颅内压联合脑组织氧分压监测在颅脑外伤治疗中的作用

艾散·色依提1,2,张开元2,邹志浩2*

1新疆医科大学研究生院,新疆 乌鲁木齐

2新疆军区总医院神经外科,新疆 乌鲁木齐

收稿日期:2023年3月7日;录用日期:2023年4月1日;发布日期:2023年4月11日

摘要

颅脑损伤是临床上常见的急症之一,主要由外界暴力伤害所致,比如高空坠落、交通事故、异物严重撞击等,其致残率和致死率均较高,且易处于脑组织缺血缺氧状态,发生低氧血症、低血压症,对患者的日常生活带来极大的不良影响,对家庭和社会也带来重大负担。颅内压(Intracranial pressure, ICP)和脑组织氧分压(partial pressure of brain tissue oxygen, PbtO2)监测并管理显著降低了颅脑损伤患者的死亡率。ICP作为反应颅内顺应性指标的概念,是对几个世纪前Monroe和Kellie提出的学说,与标准颅内压指导治疗相比,ICP联合PbtO2监测指导治疗相结合被认为可以改善创伤性脑损伤(Traumatic brain injury, TBI)患者的预后。本文将对ICP联合PbtO2监测对TBI患者治疗中的临床意义和前景进行综述。

关键词

创伤性脑损伤,颅内压监测,脑组织氧分压,脑氧监测

The Role of Intracranial Pressure Combined with Brain Tissue Oxygen Partial Pressure Monitoring in the Treatment of Traumatic Brain Injury

Aisan Seyiti1,2, Kaiyuan Zhang2, Zhihao Zou2*

1Graduate School of Xinjiang Medical University, Urumqi Xinjiang

2Department of Neurosurgery, General Hospital of Xinjiang Military Region, Urumqi Xinjiang

Received: Mar. 7th, 2023; accepted: Apr. 1st, 2023; published: Apr. 11th, 2023

ABSTRACT

Brain injury is one of the common clinical emergencies, mainly caused by external violent injuries, such as falling from high altitude, traffic accidents, severe impact of foreign objects, etc. It has high disability rate and high fatality rate. In hypoxic state, hypoxemia and hypotension occur, which have a great adverse effect on the daily life of the patient, and also bring a heavy burden to the family and society.

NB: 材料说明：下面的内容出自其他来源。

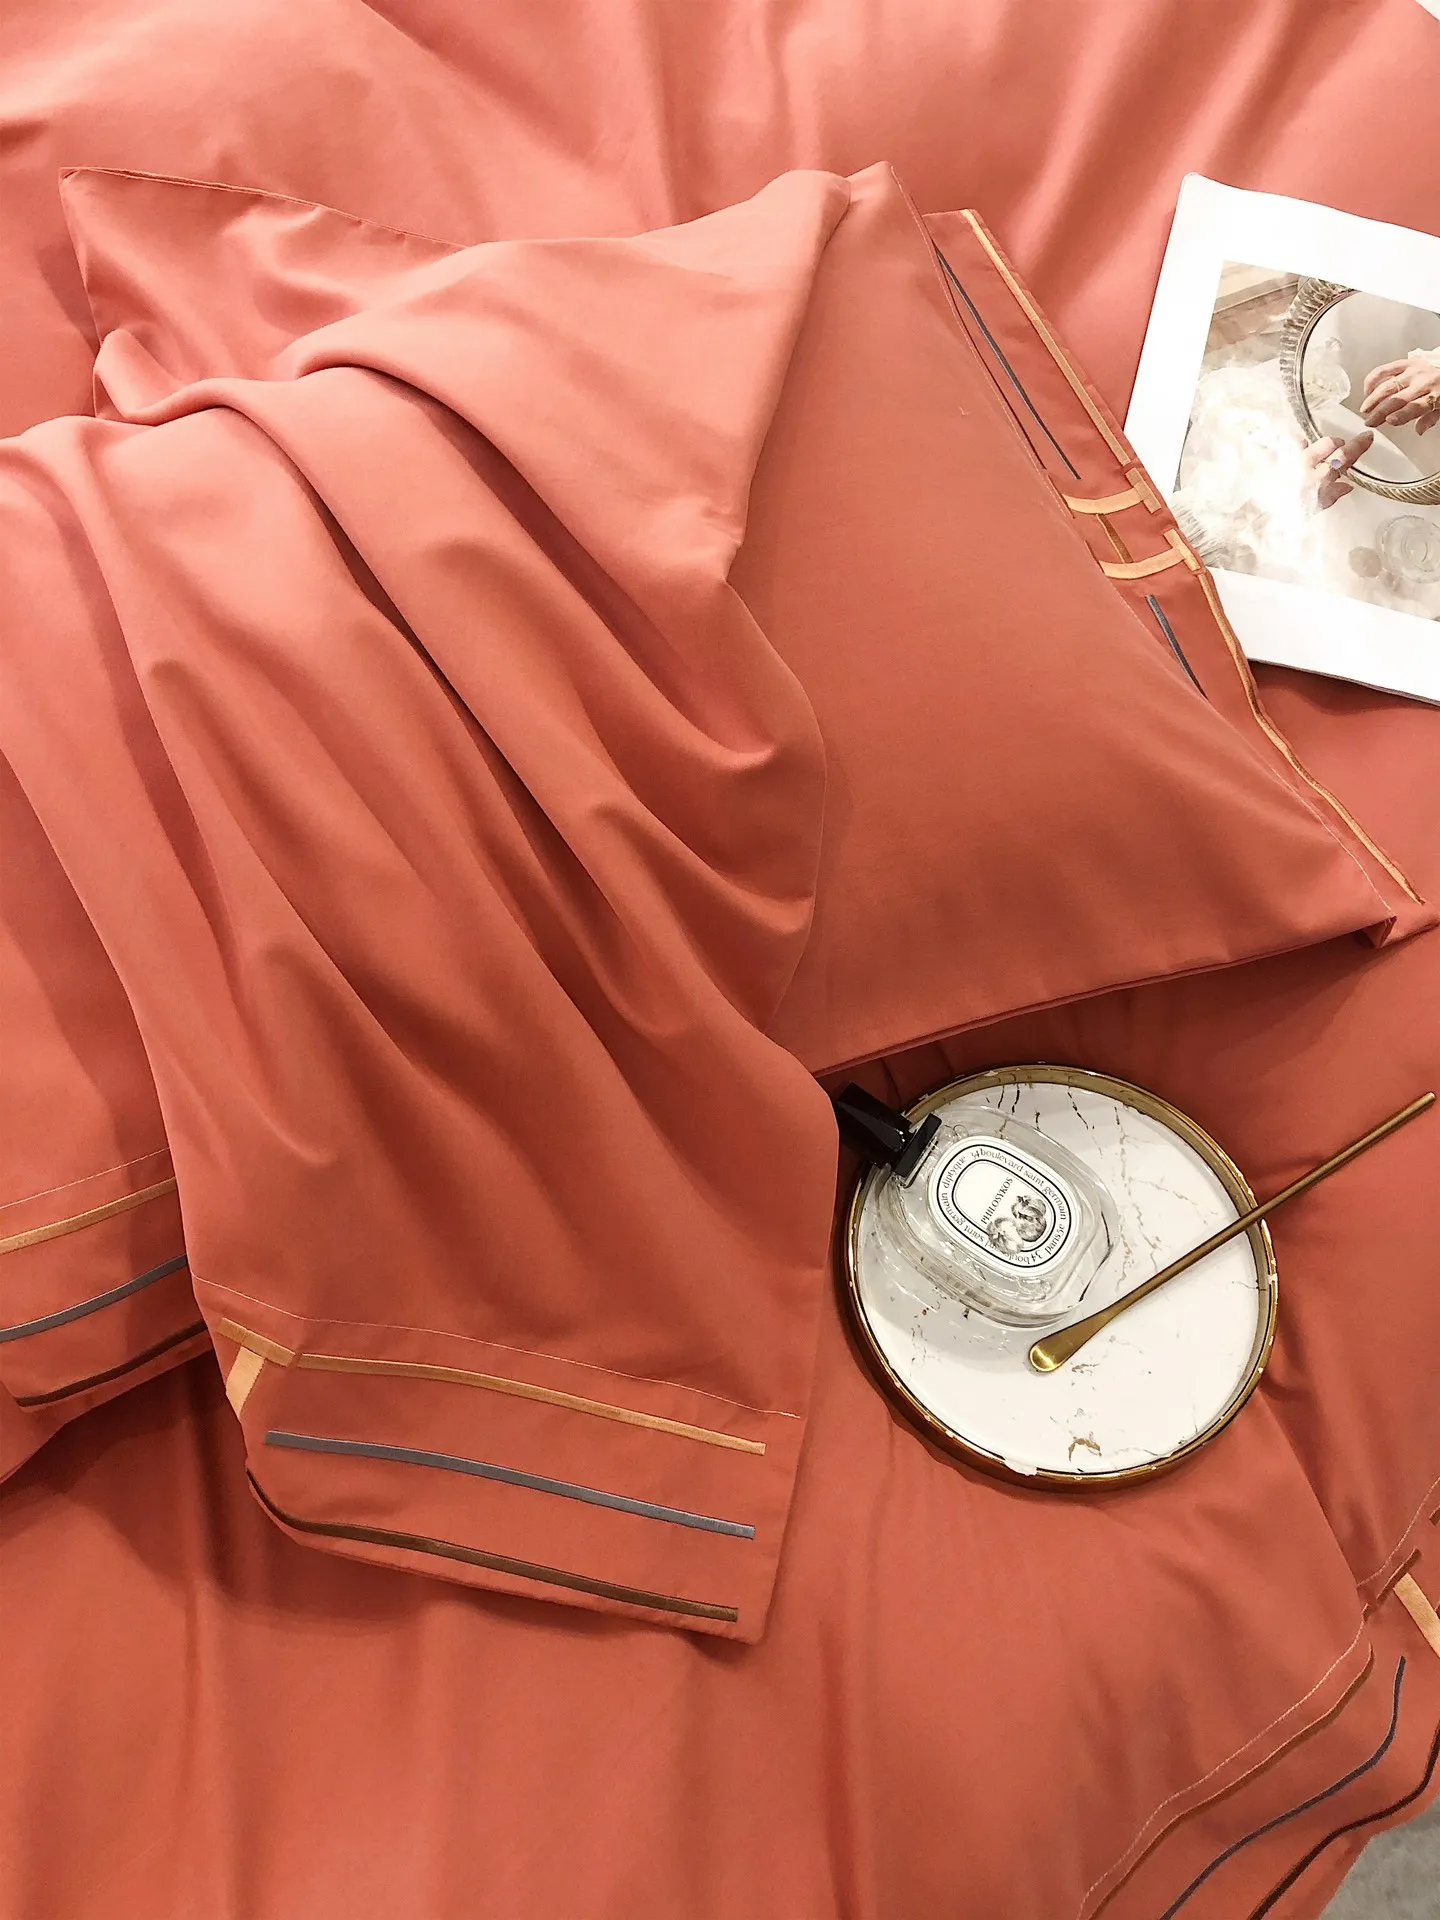 Lüks Tasarım Yatak Takımları Yüksek Kalite Günleri İpek Pamuk Elegance Renkler Yumuşak çarşaf Konfor Yorgan Kapak Işlemeli

Monitoring and management of intracranial pressure Intracranial pressure (ICP) and partial pressure of brain tissue oxygen (PbtO2) can significantly reduce the mortality of patients with traumatic brain injury. The concept of ICP as an indicator of intracranial compliance is based on the theory proposed by Monroe and Kellie centuries ago, and the combination of ICP combined with PbtO2 monitoring-guided therapy is believed to improve traumatic brain injury compared with standard intracranial pressure-guided therapy (Traumatic brain injury, TBI) patients’ prognosis. This article will review the clinical significance and prospects of ICP combined with PbtO2 monitoring in the treatment of TBI patients.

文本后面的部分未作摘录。